Two things immediately come to mind when I think about the saint that we celebrate today, Episcopal priest, William Reed Huntington. They are two vastly non-related images, so bear with me… First: the idea that from small things sometimes grow much larger things. Second: the lyrics from the Beatle’s song, I Am The Walrus “I am he as you are he as you are me and we are all together.”
William Reed Huntington, born in Massachusetts in 1838 was an Episcopal priest who was deeply committed to the liturgies that the church used to proclaim the gospel Good News and how the church was viewed in the world. To the first end, Huntington was the secretary of the Prayer Book Revisions Committee and editor of the Standard Prayer Book of 1892, the second Prayer Book of The Episcopal Church.
To the second of Huntington’s deeply-held commitments, of how The Episcopal Church was viewed in the world, he authored an essay in 1870 entitled, The Church Idea, an Essay toward Unity that eventually became The Chicago-Lambeth Quadrilateral. For those of you scoring at home, the Quadrilateral is THE document that expresses and encapsulates the four fundamental points of Anglican identity.
Out of small things sometimes grow much larger things. Indeed.

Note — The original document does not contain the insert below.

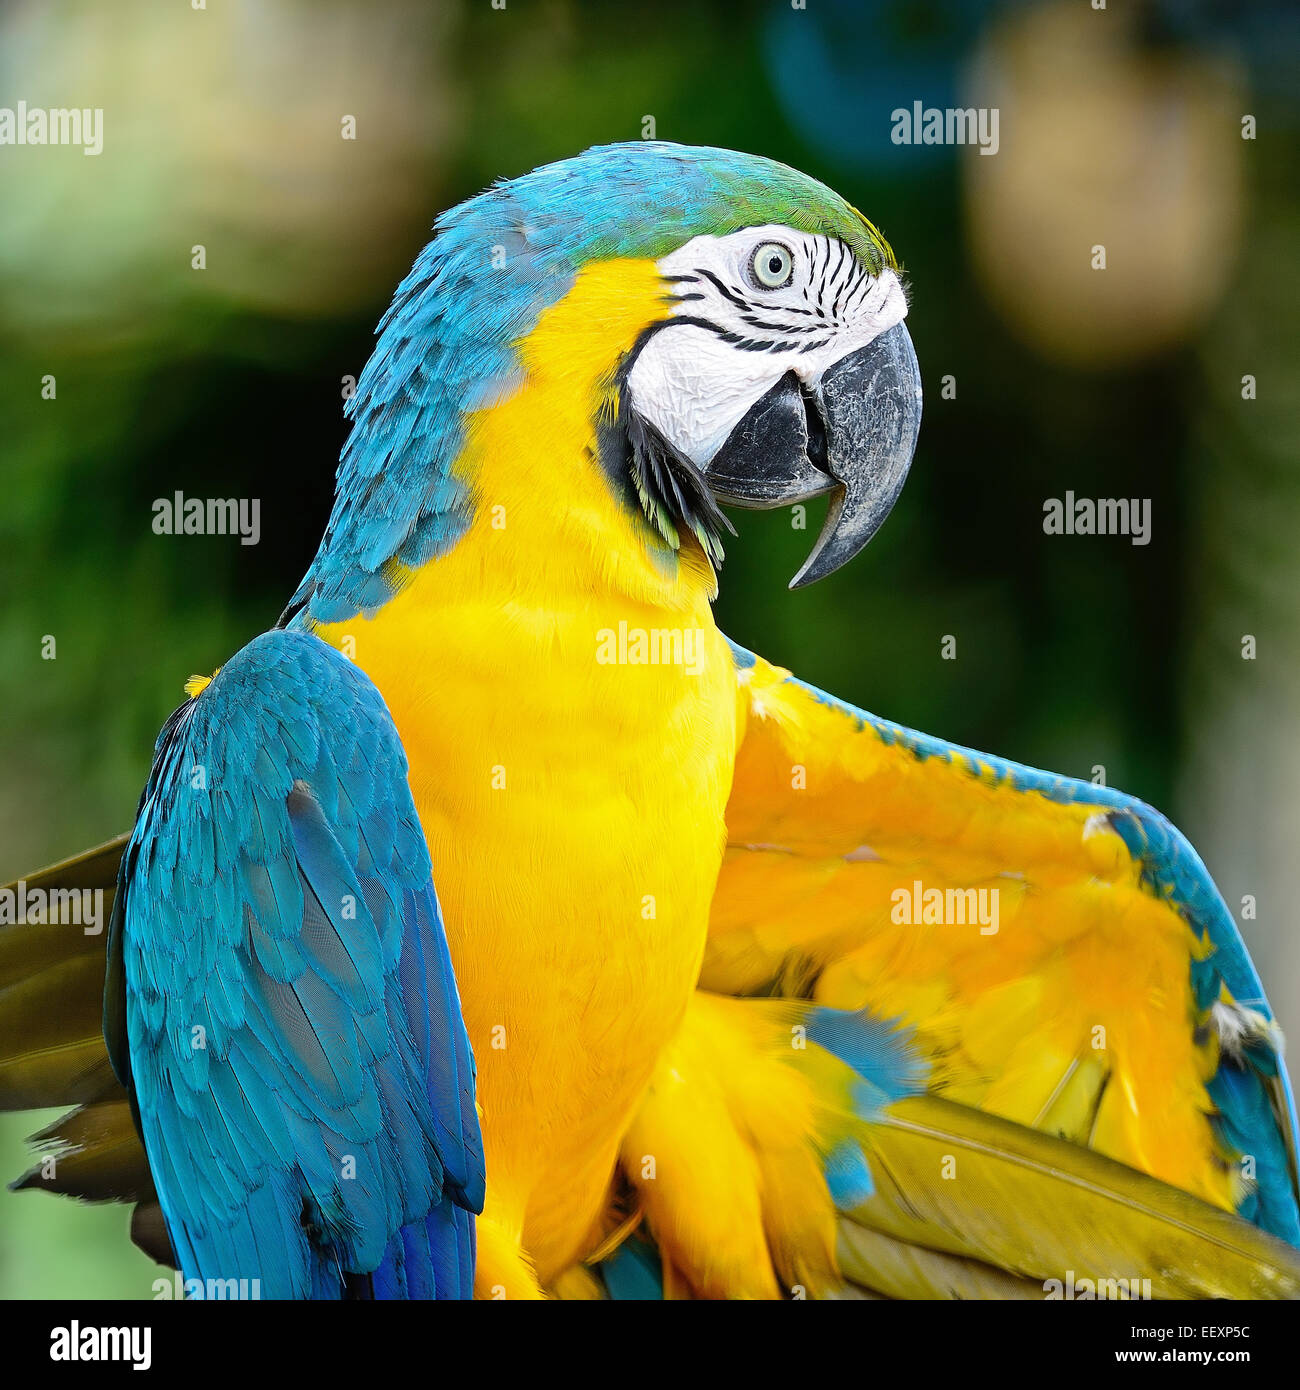 Colorful of Blue and Gold Macaw aviary, portrait profile Stock Photo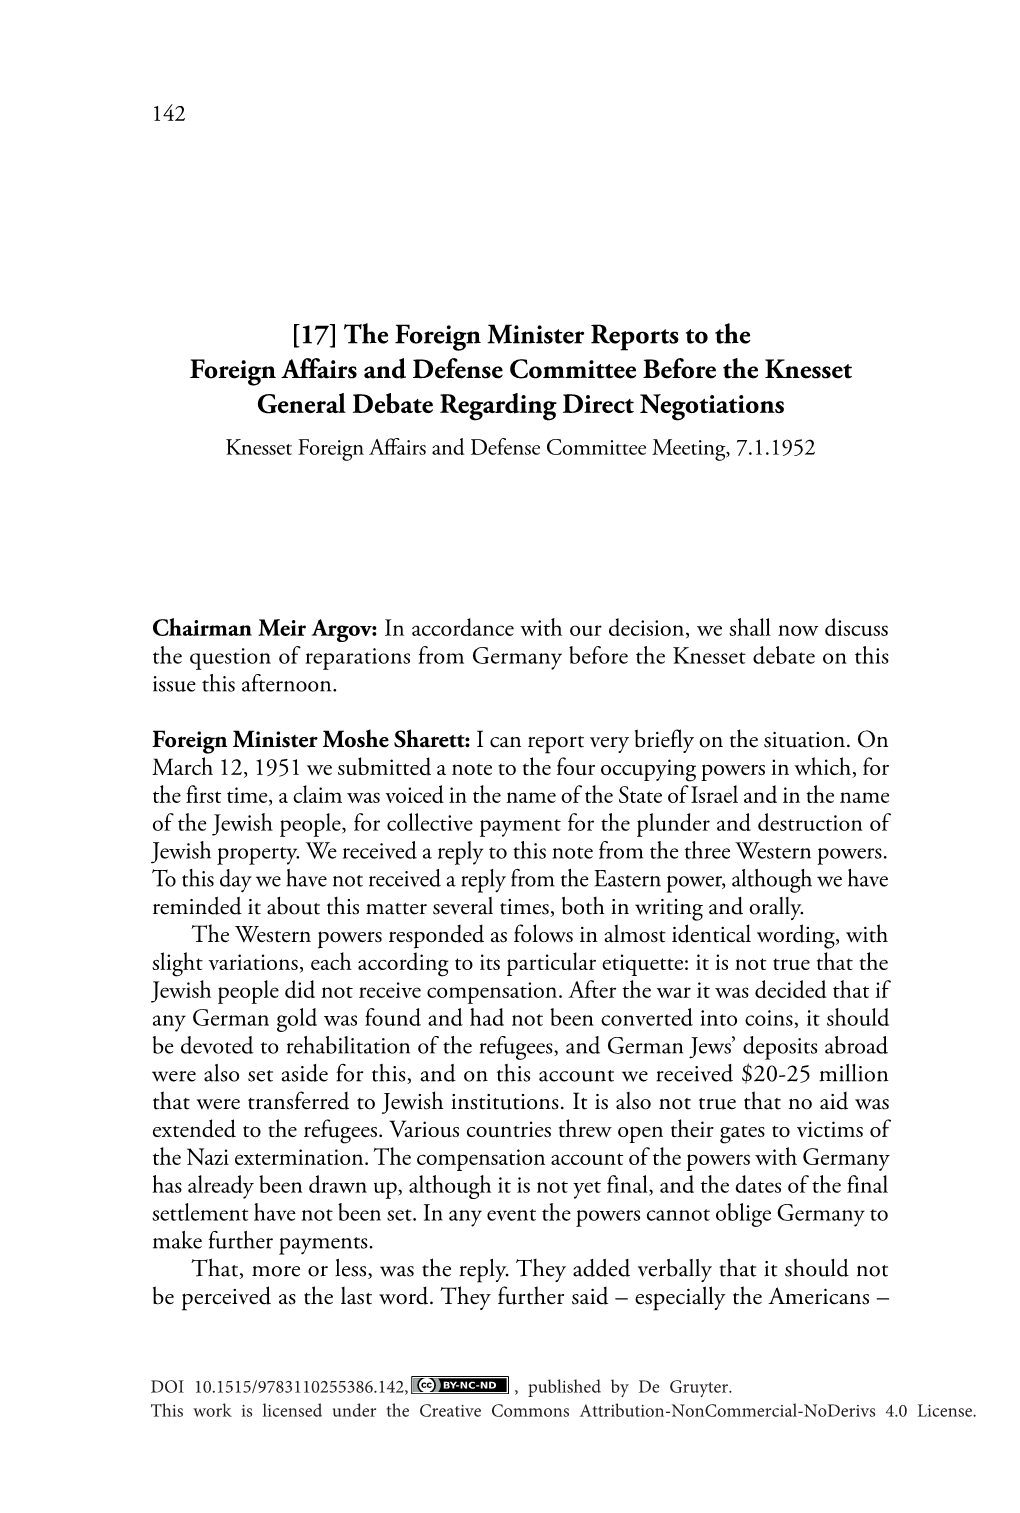 [17] the Foreign Minister Reports to the Foreign Affairs and Defense

“Looking up to heaven, Jesus said, ‘I ask not only on behalf of these, but also on behalf of those who will believe in me through their word, that they may all be one. As you, Father, are in me and I am in you, may they also be in us, so that the world may believe that you have sent me. The glory that you have given me I have given them, so that they may be one, as we are one, I in them and you in me, that they may become completely one, so that the world may know that you have sent me and have loved them even as you have loved me. [cue Beatles “I Am The Walrus”] Father, I desire that those also, whom you have given me, may be with me where I am, to see my glory, which you have given me because you loved me before the foundation of the world.
Righteous Father, the world does not know you, but I know you; and these know that you have sent me. I made your name known to them, and I will make it known, so that the love with which you have loved me may be in them, and I in them.'” John 17:20-26
[bracketed words my insertion]
Although the pronouns in John take some careful reading, it is the last sentence that is at the heart of what Jesus is saying in this portion of John’s gospel. Jesus says, “I made your name known to them, and I will make it known, so that the love with which you have loved me may be in them, and I in them,” John 17:26.
It strikes me that when we tell someone we love that we love them, that we are indeed sharing the very love of God. The same love that Jesus makes known to us in the example of his life is the same love that we convey to those we love. We are living reflections of God’s love for God’s creation when we, even though we are sinful broken creatures, are loving towards one another.
My prayer for us this week is that we recognize the wonderful gift that we are given with those we love; that we seek and find the love of God in those we love and in those who love us. In doing so, we will be the shining reflections of God’s love for us all.